- **Your assignment**
From the line that contains "Fat5 cap + Beautiful girl by chronic5" down to the last line of the listing below, reproduce each line exactly but not the pictures.

- **Supplied data**
════════════════════

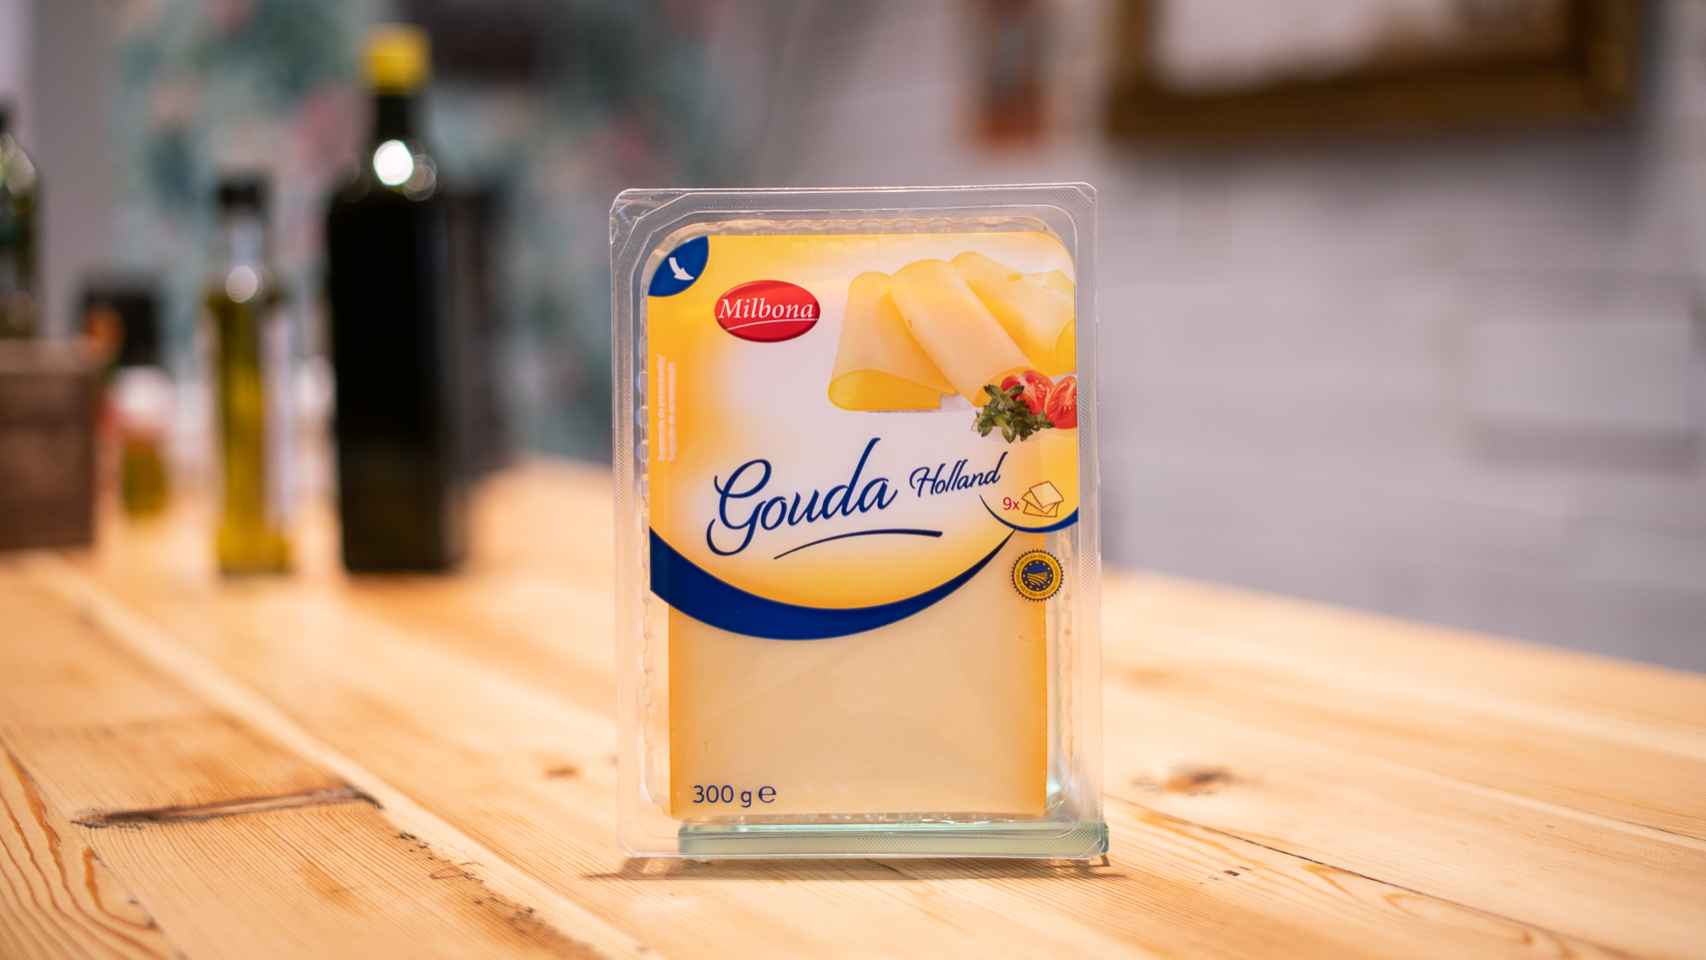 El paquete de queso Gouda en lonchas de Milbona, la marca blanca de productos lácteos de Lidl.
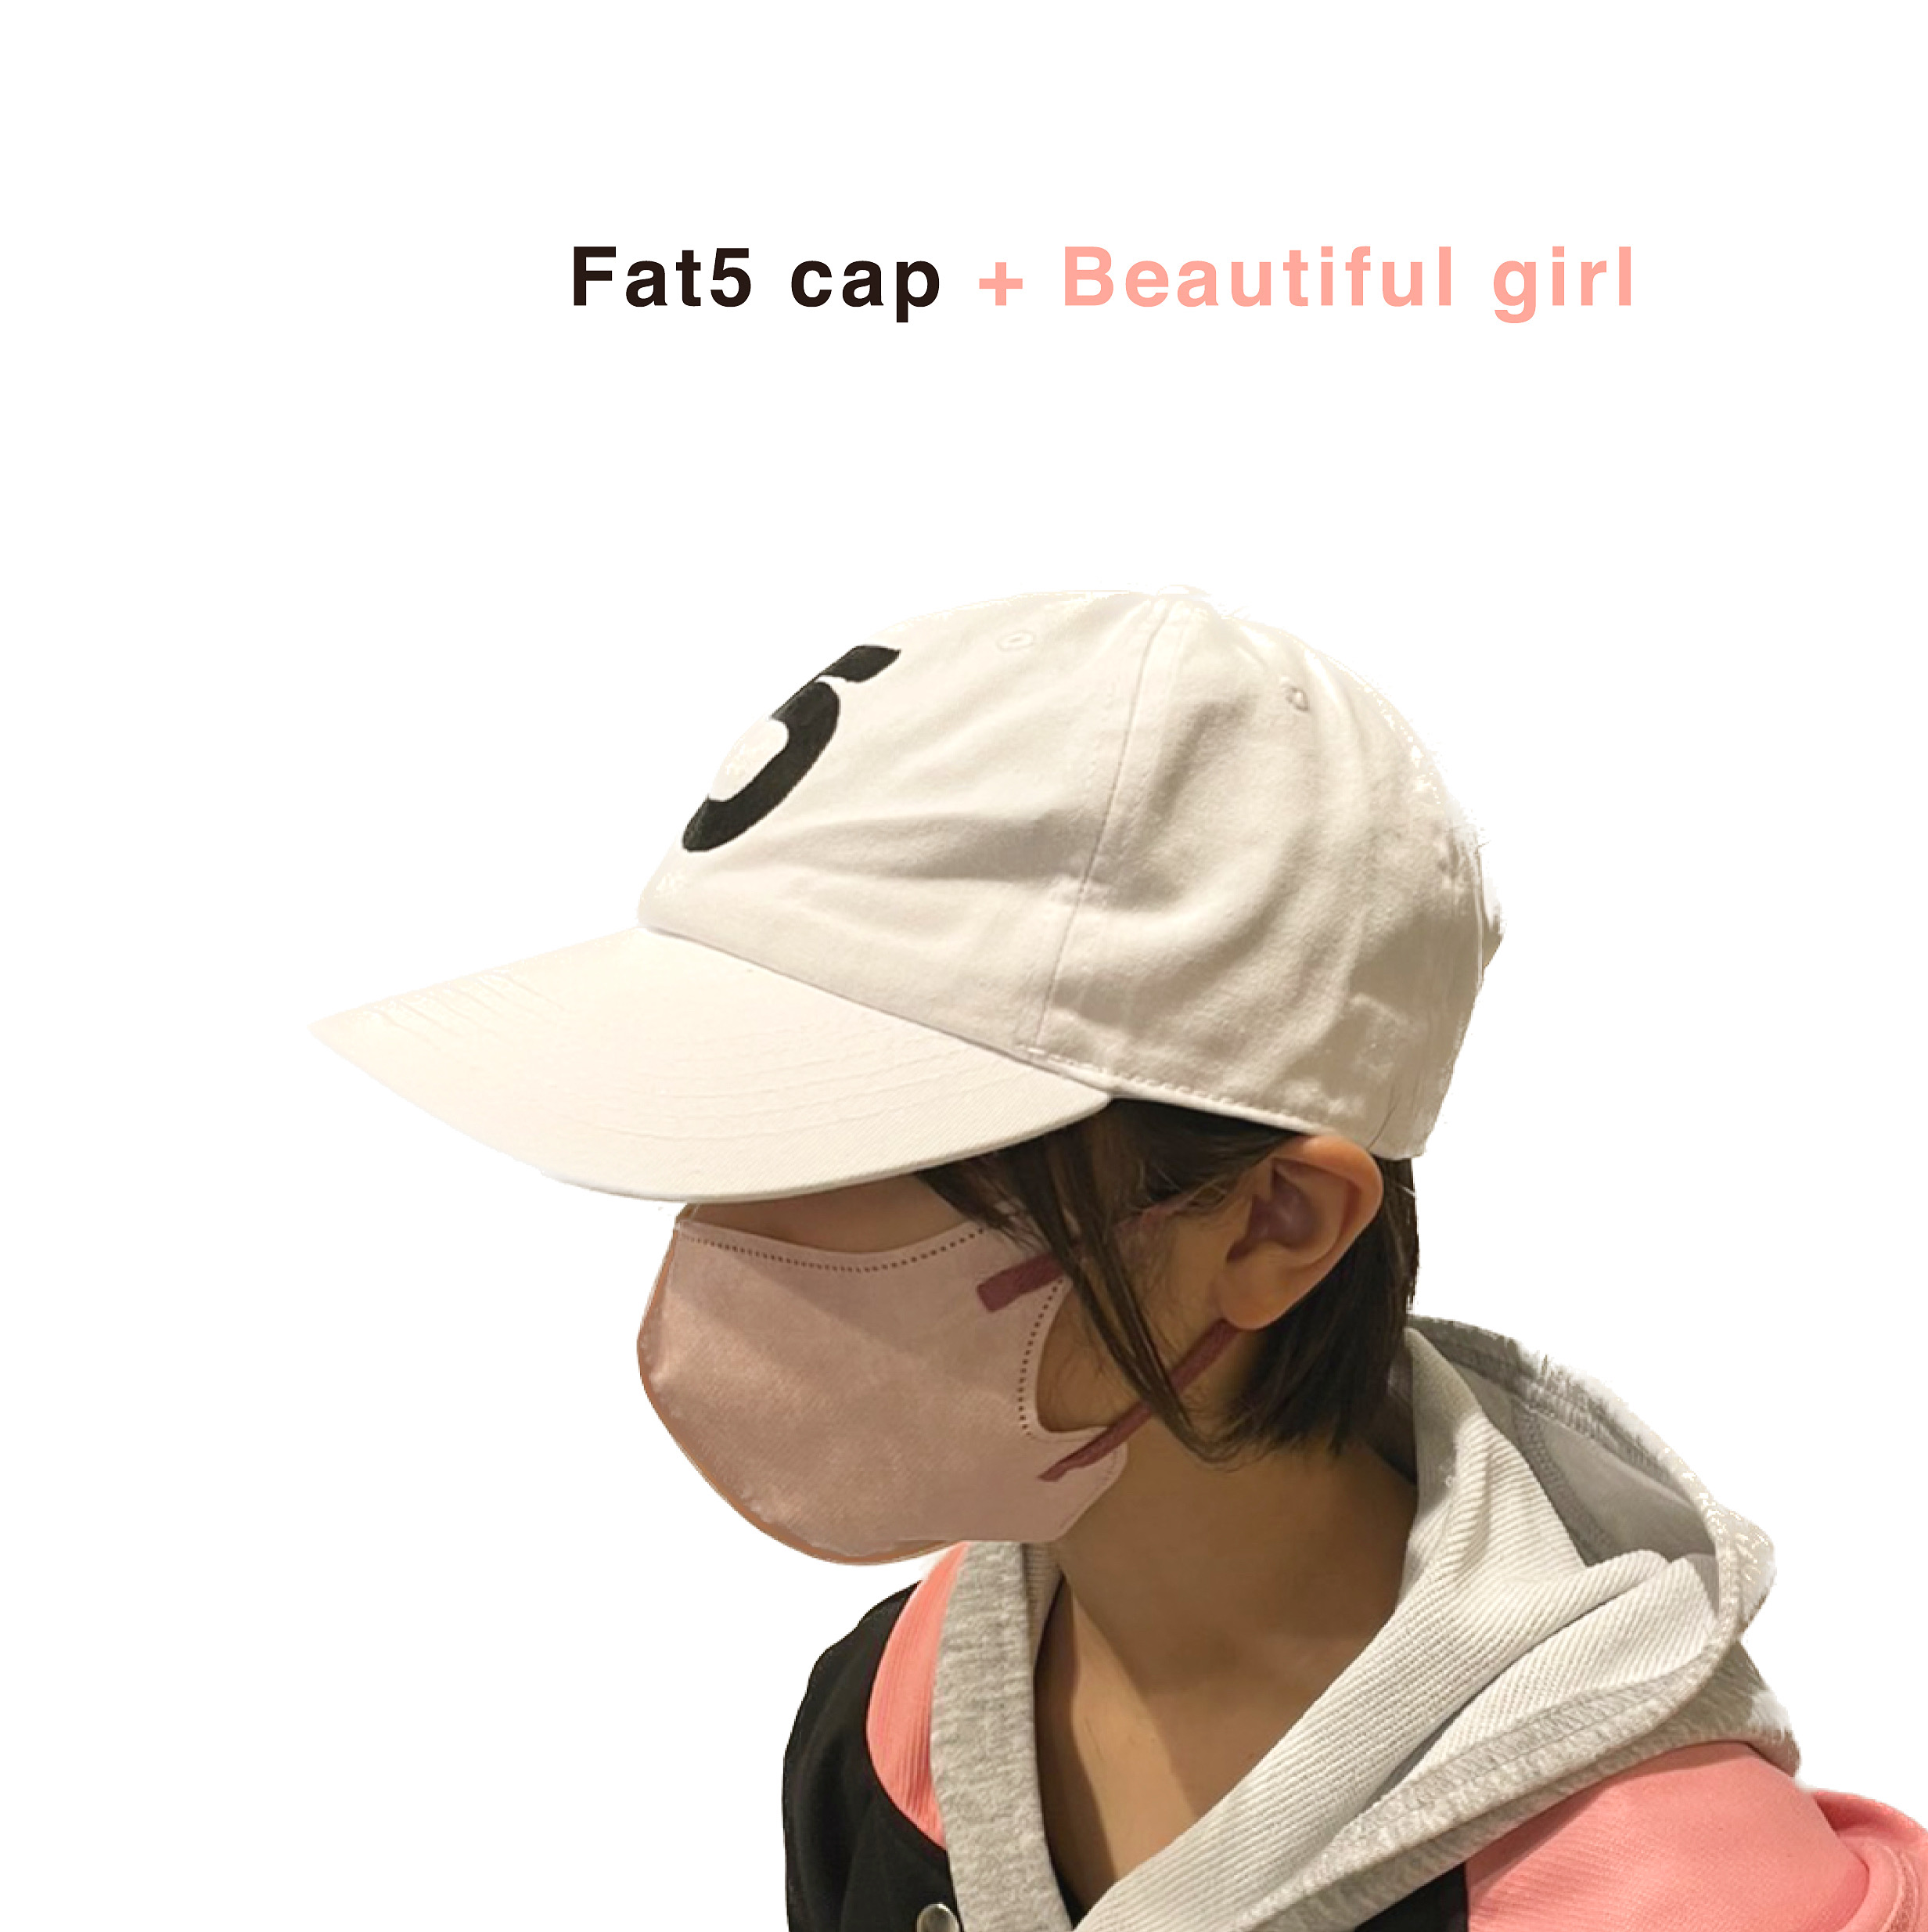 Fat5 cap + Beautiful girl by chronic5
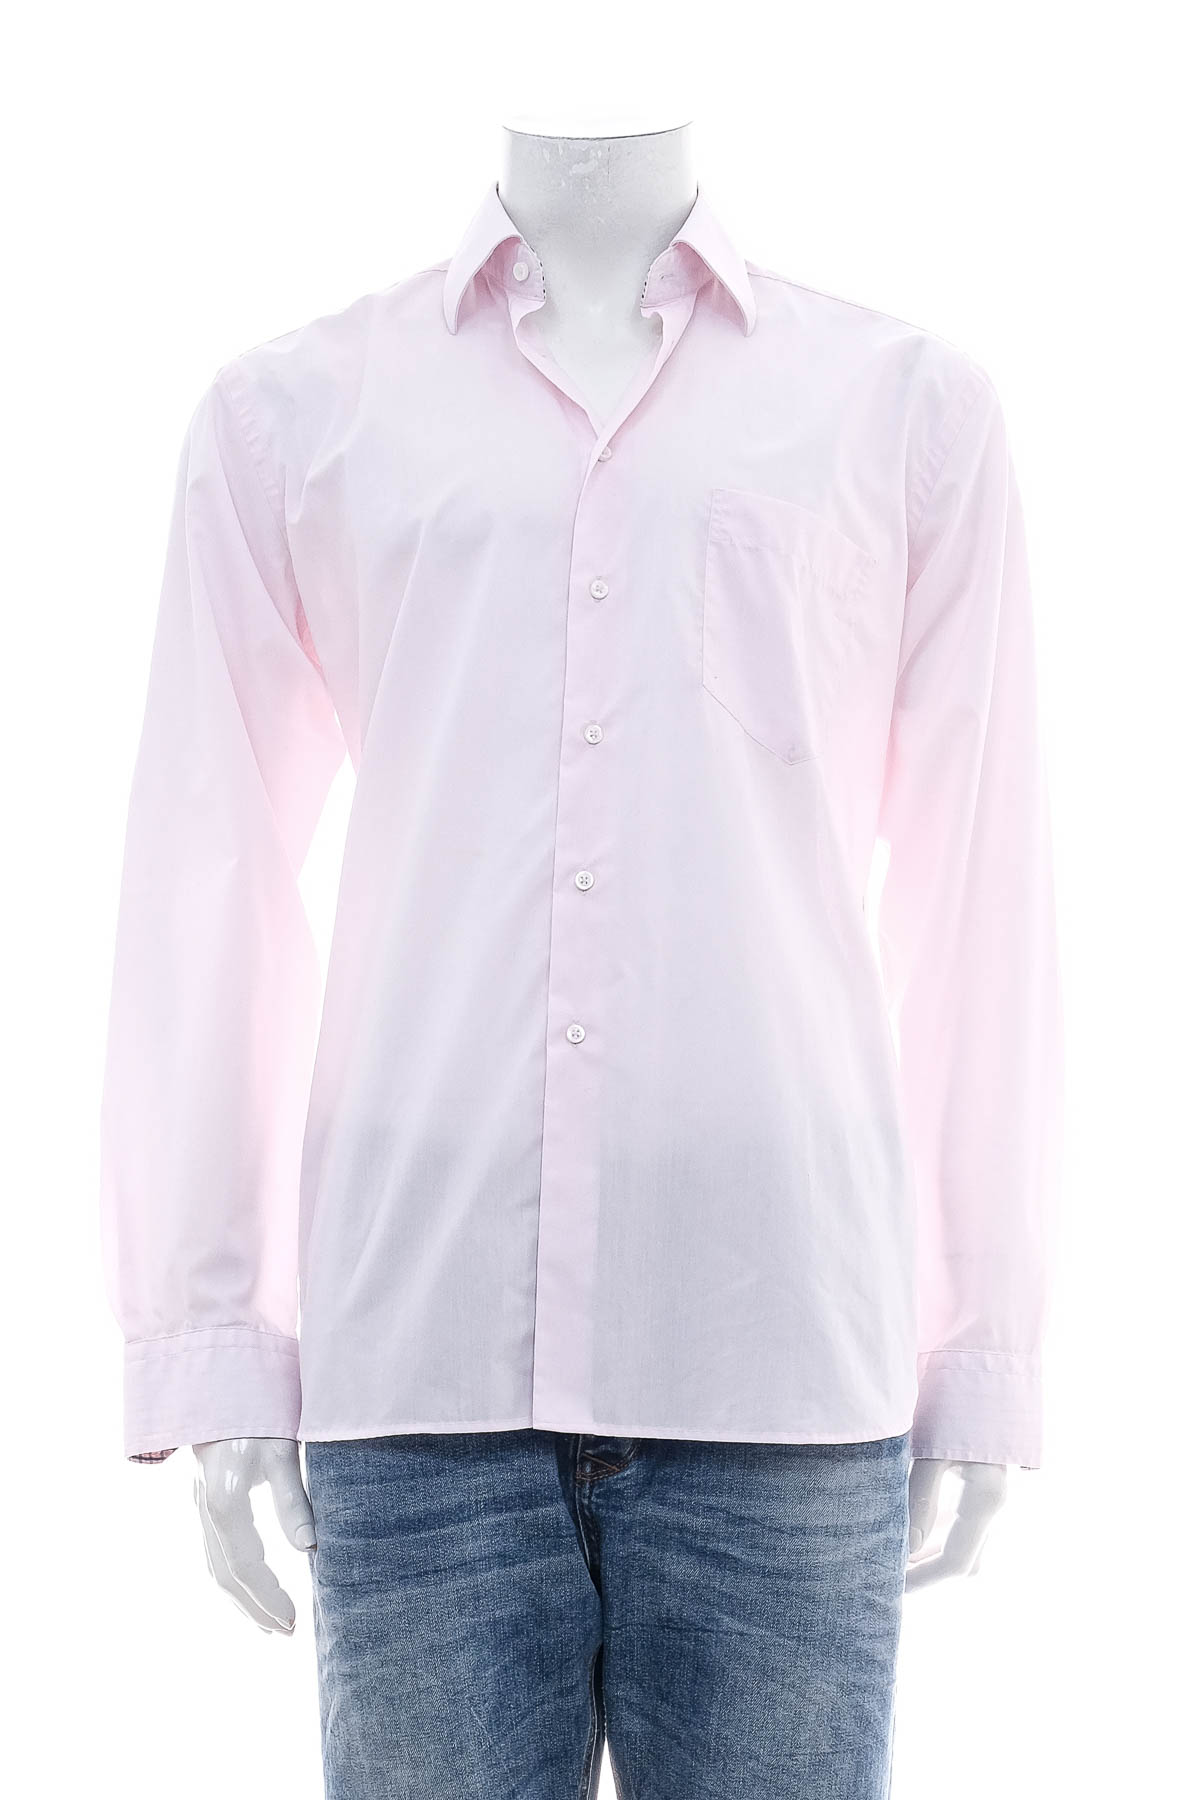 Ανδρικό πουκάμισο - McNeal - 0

════════════════════

- **Answer box**
 Fat5 cap + Beautiful girl by chronic5
 Ανδρικό πουκάμισο - McNeal - 0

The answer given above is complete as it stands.